Neither the HCSO nor any other local law enforcement agency controls how many detainers it receives from ICE. That’s entirely in the control of federal officials. A far better indicator of a local law enforcement agency’s willingness to cooperate with ICE is how frequently it rejects ICE’s detainer requests. TRAC’s data suggests that Harris County refused very few detainer requests. In October 2017, for example, the jail refused 851 of 14,429 detainers. One year later it refused 1,407 of 14,272. Importantly, TRAC cautions against giving too much weight to data about refused detainers because ICE’s record-keeping is limited. The database field that indicates refusals is not required and are sometimes used inconsistently.
Even if ICE’s data was reliable, any assessment of Sheriff González’s views of immigration detainers would be complicated by the fact that, in Texas, S.B. 4 requires that law enforcement agencies comply with ICE detainer requests. Article 2.251 of the Texas Code of Criminal Procedure explicitly provides: “A law enforcement agency that has custody of a person subject to an immigration detainer request issued by United States Immigration and Customs Enforcement shall: (1) comply with, honor, and fulfill any request made in the detainer request provided by the federal government.” After litigation, the U.S. Court of Appeals for the Fifth Circuit left most of S.B. 4 intact, including the detainer compliance mandate. For most of his tenure as sheriff, then, González has had little choice but to comply with ICE detainer requests.

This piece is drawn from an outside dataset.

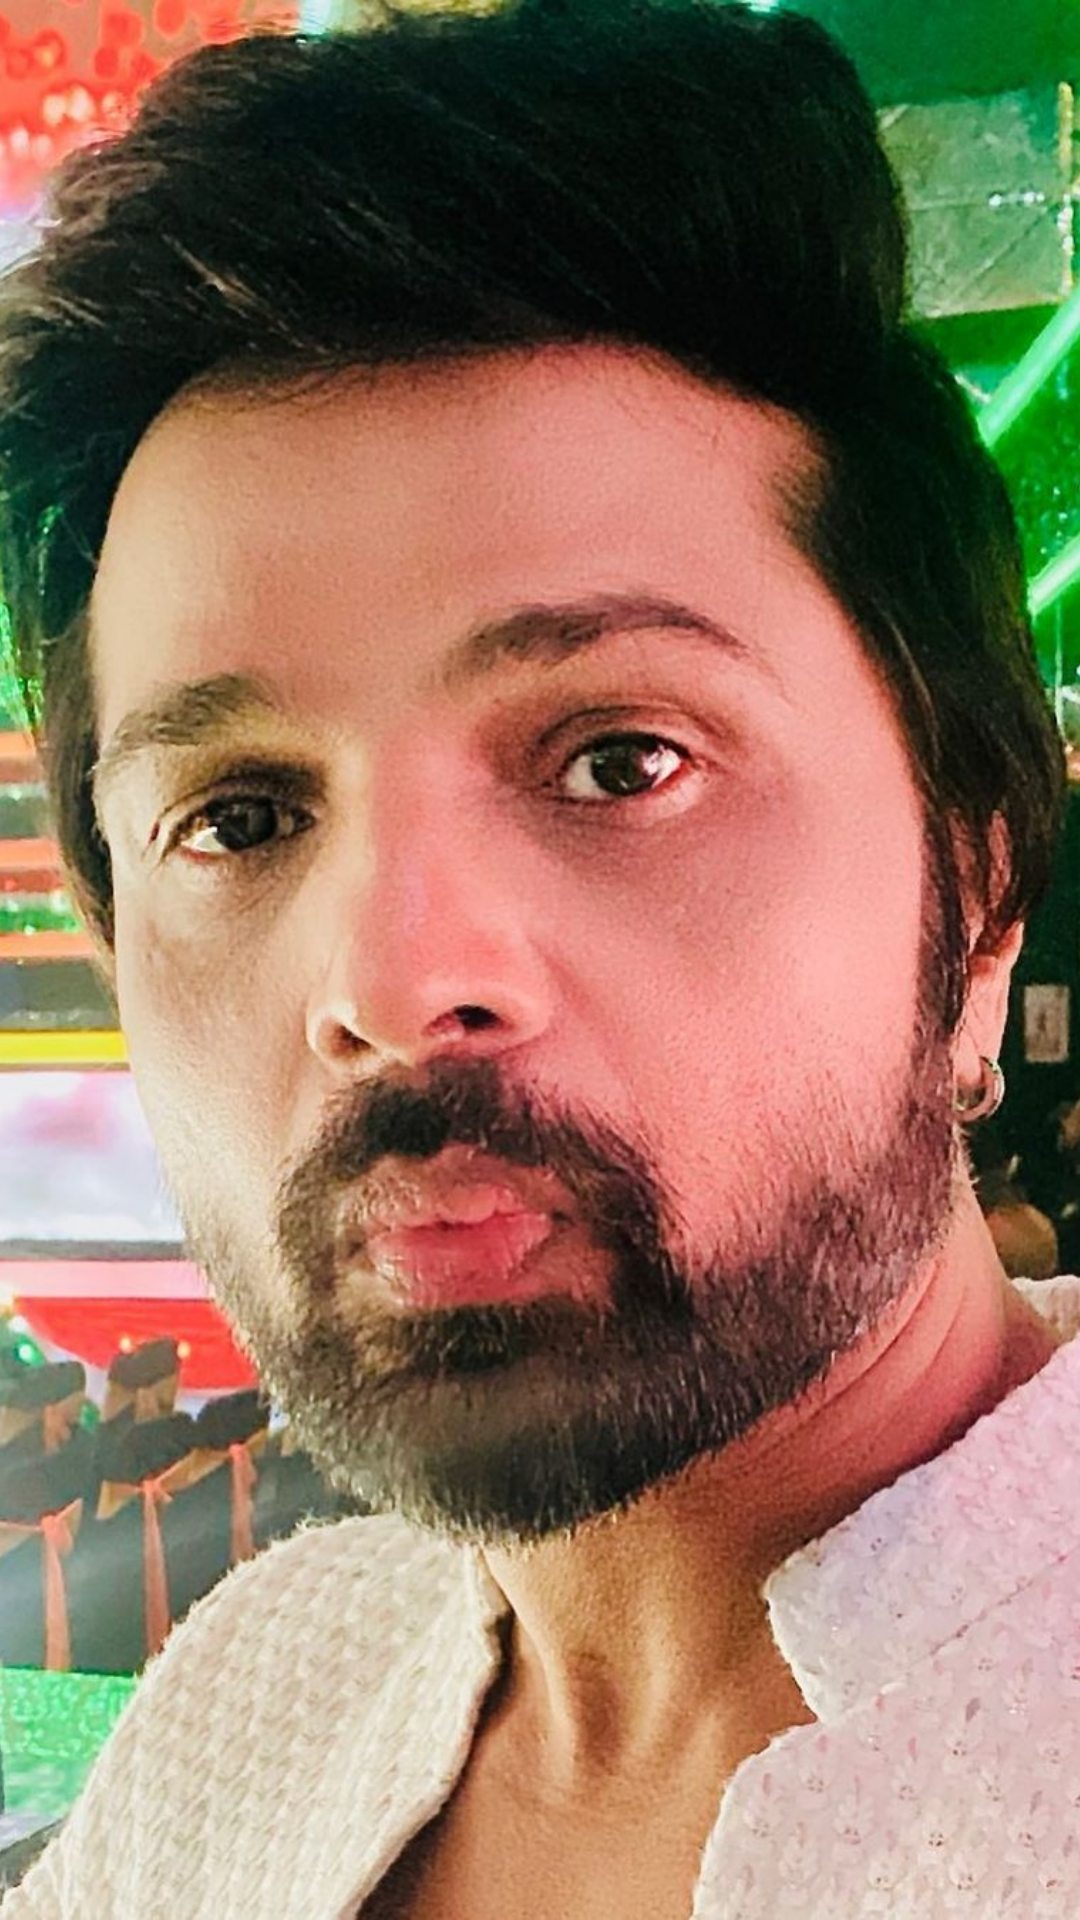 How Himesh reduced 20 kg weight with vegetarian food?
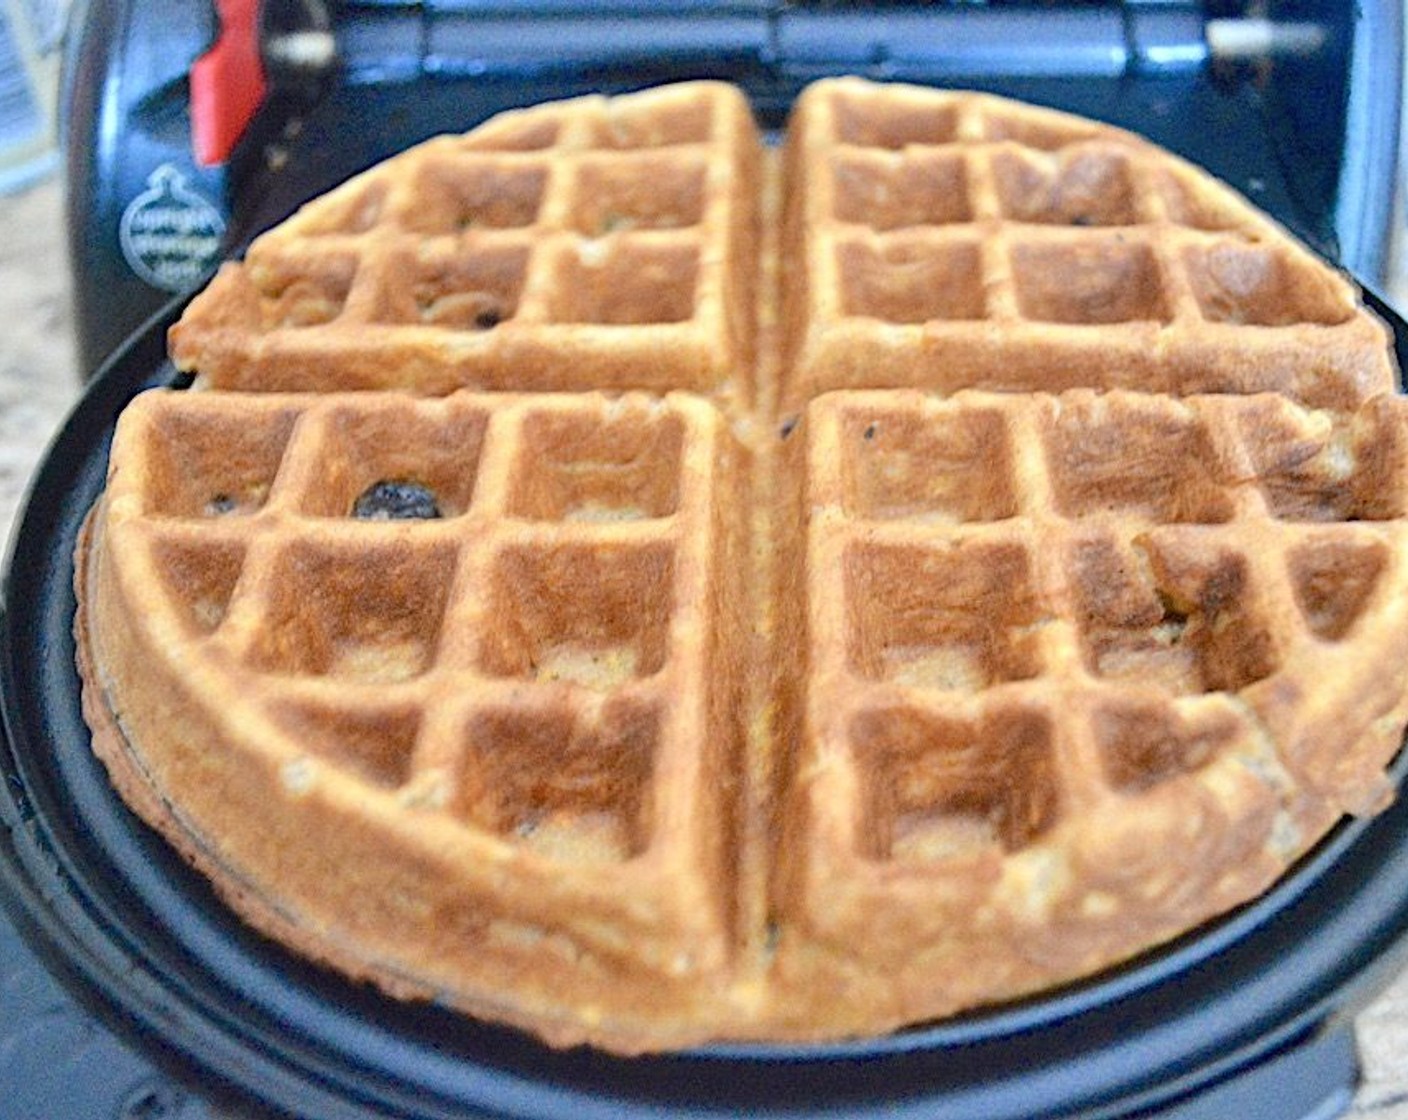 step 5 Scoop 1/4 of the batter into the waffle maker and spread it out evenly to thinly cover the whole bottom half. Close it and cook the batter for about 4-5 minutes.

Unlike his current post, which he initially took up in January 2017 after being elected the previous November, González won’t be the top decision-maker if confirmed to head ICE. Instead, he will take direction from President Biden, key White House policy staff, and Secretary of Homeland Security Alejandro Mayorkas. During his confirmation hearings, I’ll be curious to hear how he thinks his experience as a local law enforcement officer in one of the most diverse communities in the country will help him inform the administration’s immigration law enforcement policy priorities.